◆ **Your objective**
For the entries that follow, retype exactly the lines from the one containing "Mike Shinoda to" to the one containing "Lyst - Paul", inclusive, and only those. Images stay out of the copy.

◆ **The data**
━━━━━━━━━━━━━━━━

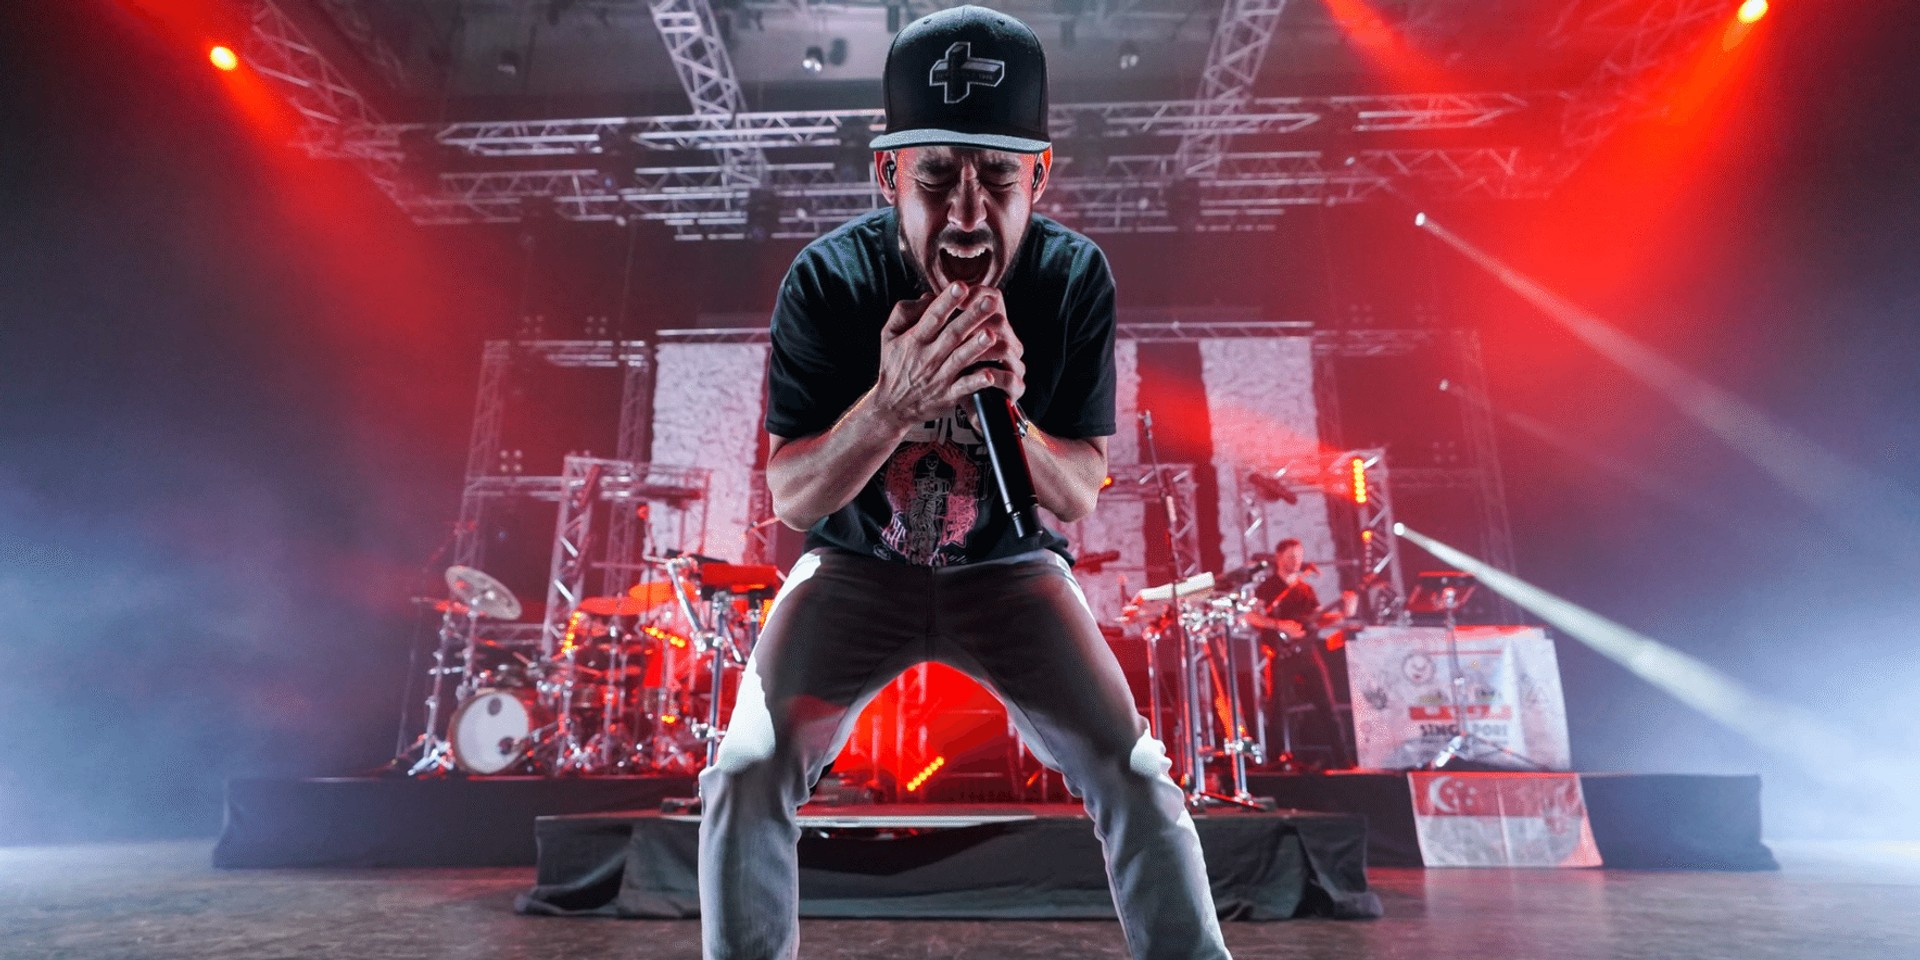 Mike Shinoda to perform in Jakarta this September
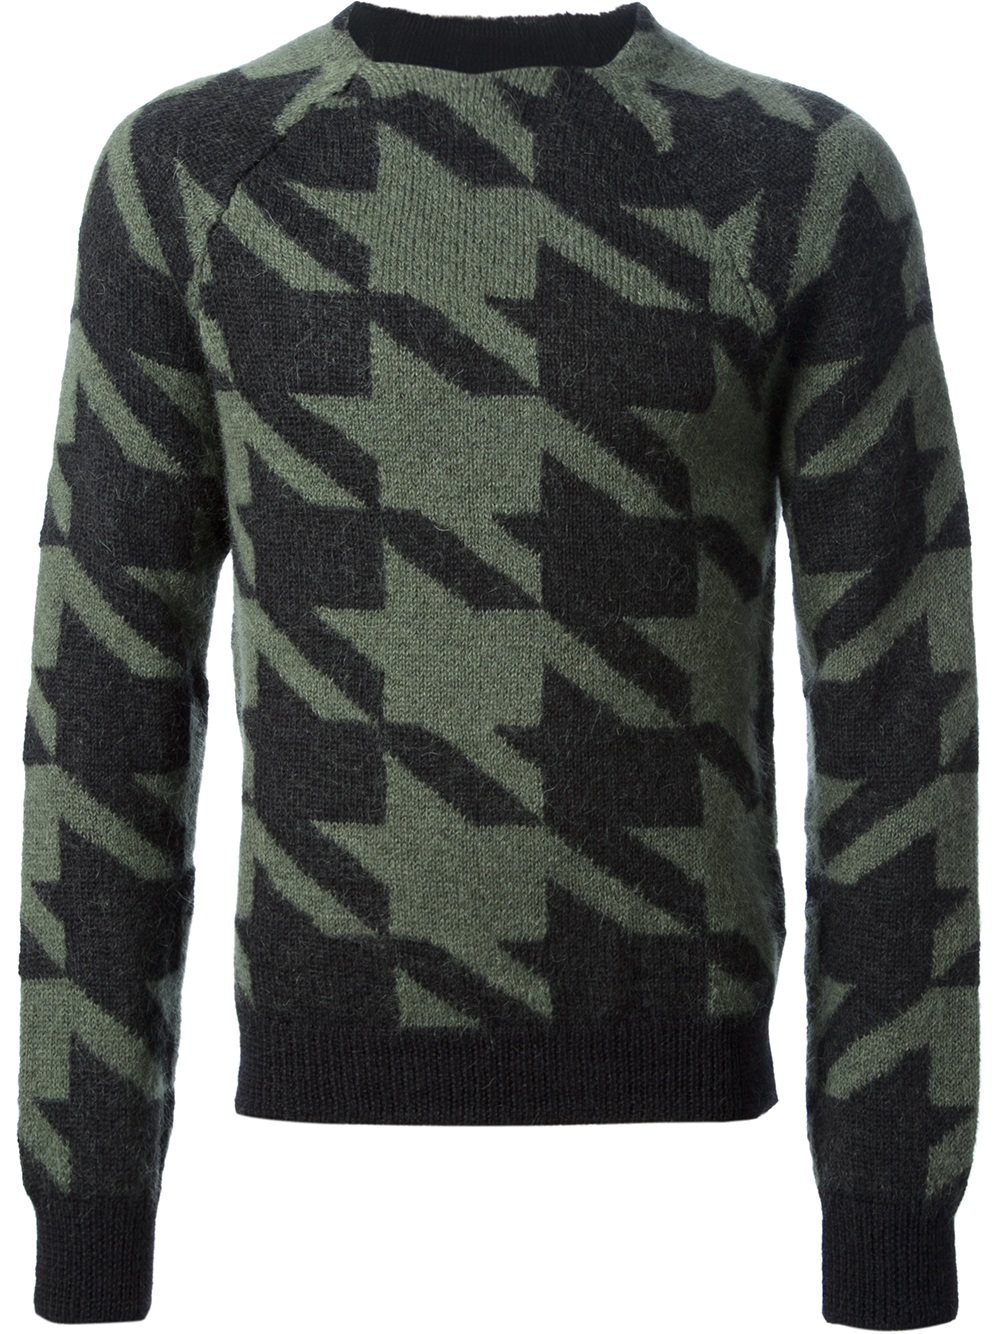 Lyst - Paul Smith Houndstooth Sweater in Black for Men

━━━━━━━━━━━━━━━━

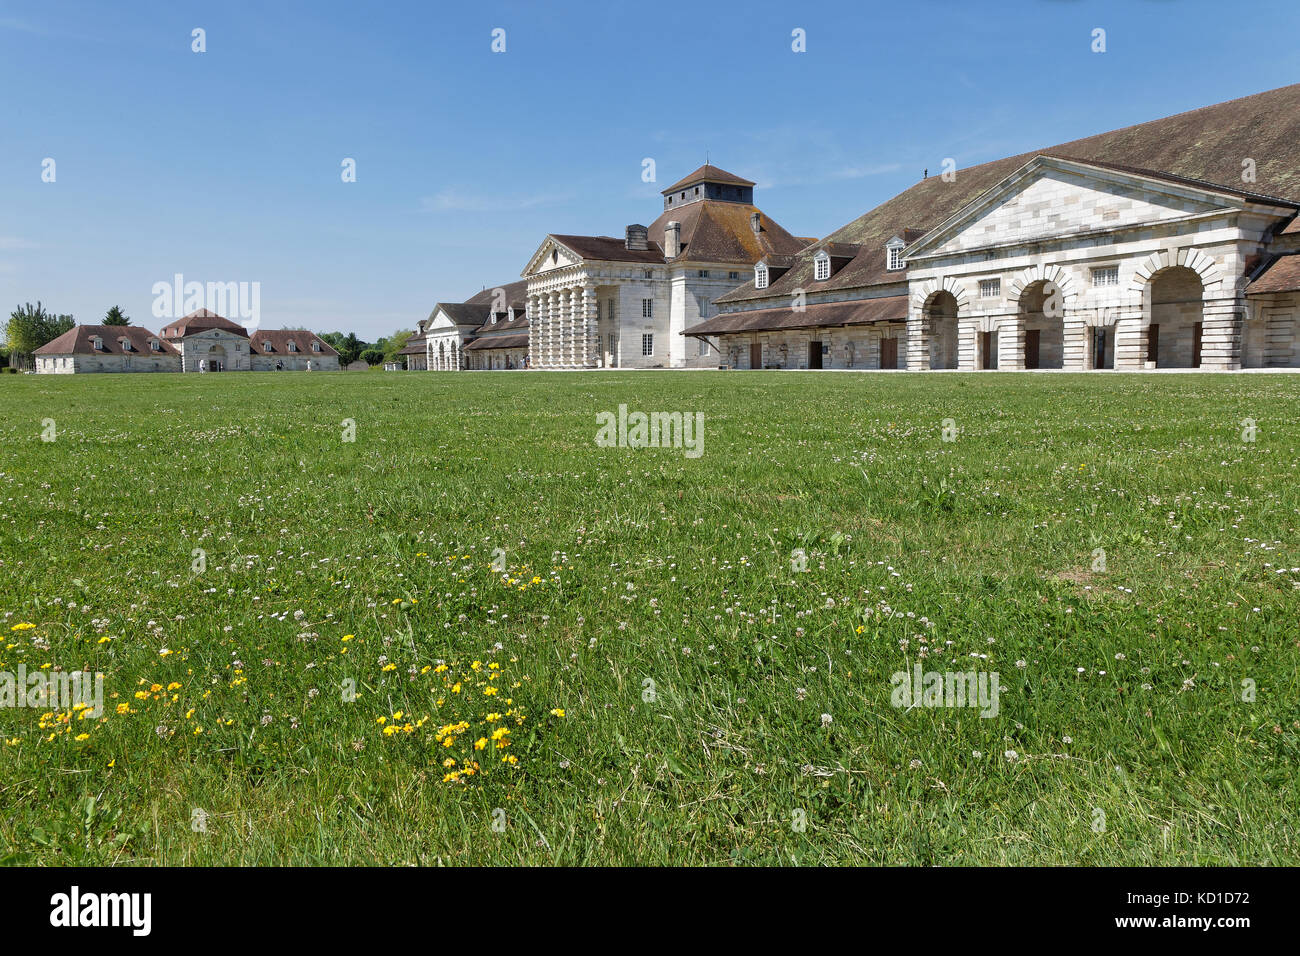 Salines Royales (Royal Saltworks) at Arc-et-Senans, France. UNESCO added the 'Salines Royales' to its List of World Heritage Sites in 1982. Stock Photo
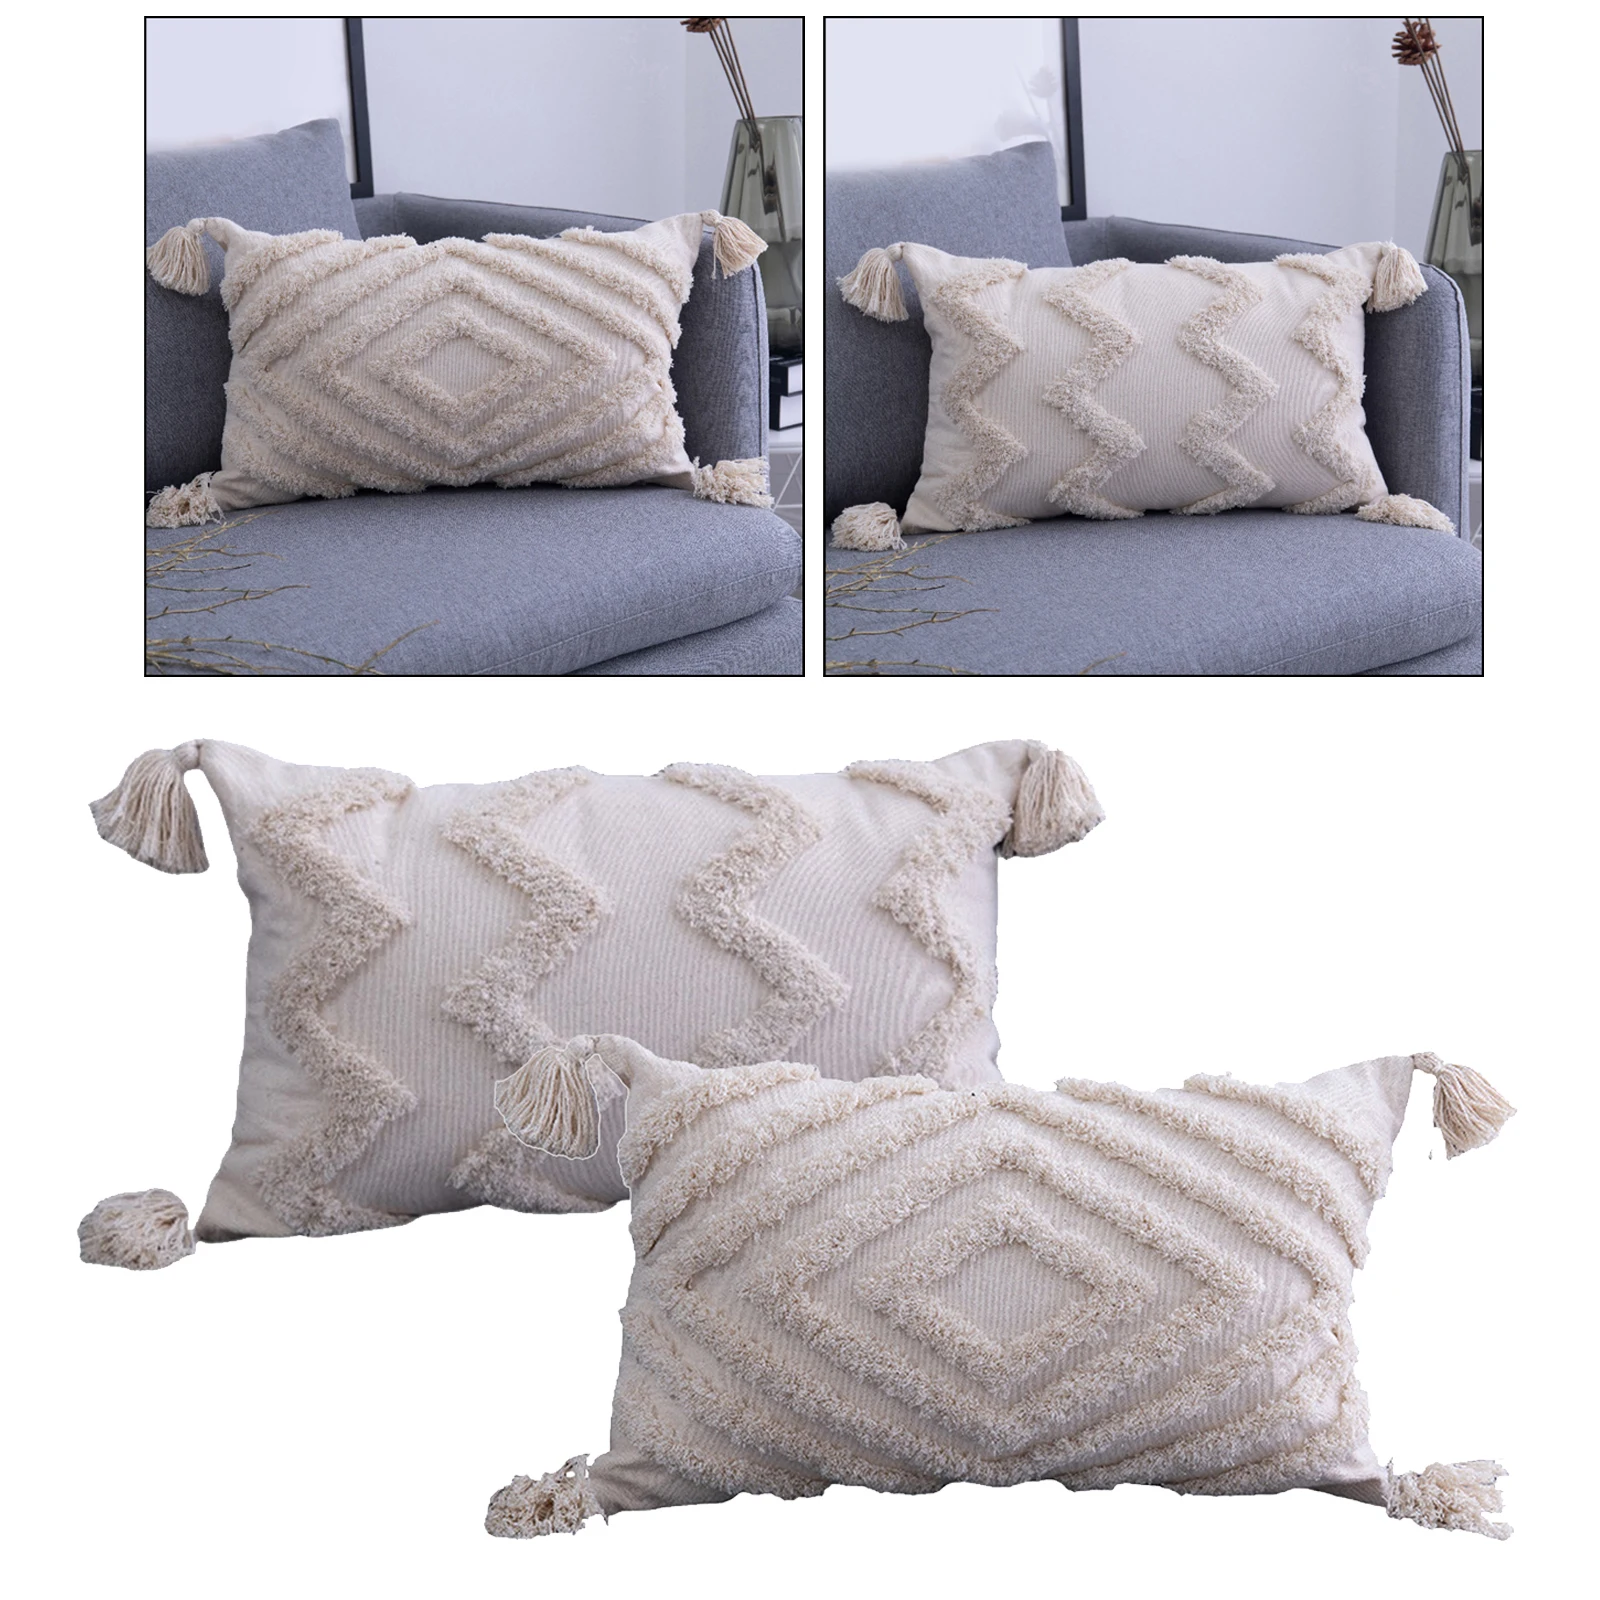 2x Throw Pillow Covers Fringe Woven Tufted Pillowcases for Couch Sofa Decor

━━━━━━━━━━━━━━━━

◆ **Solved exercise**
 Mike Shinoda to perform in Jakarta this September
 Lyst - Paul Smith Houndstooth Sweater in Black for Men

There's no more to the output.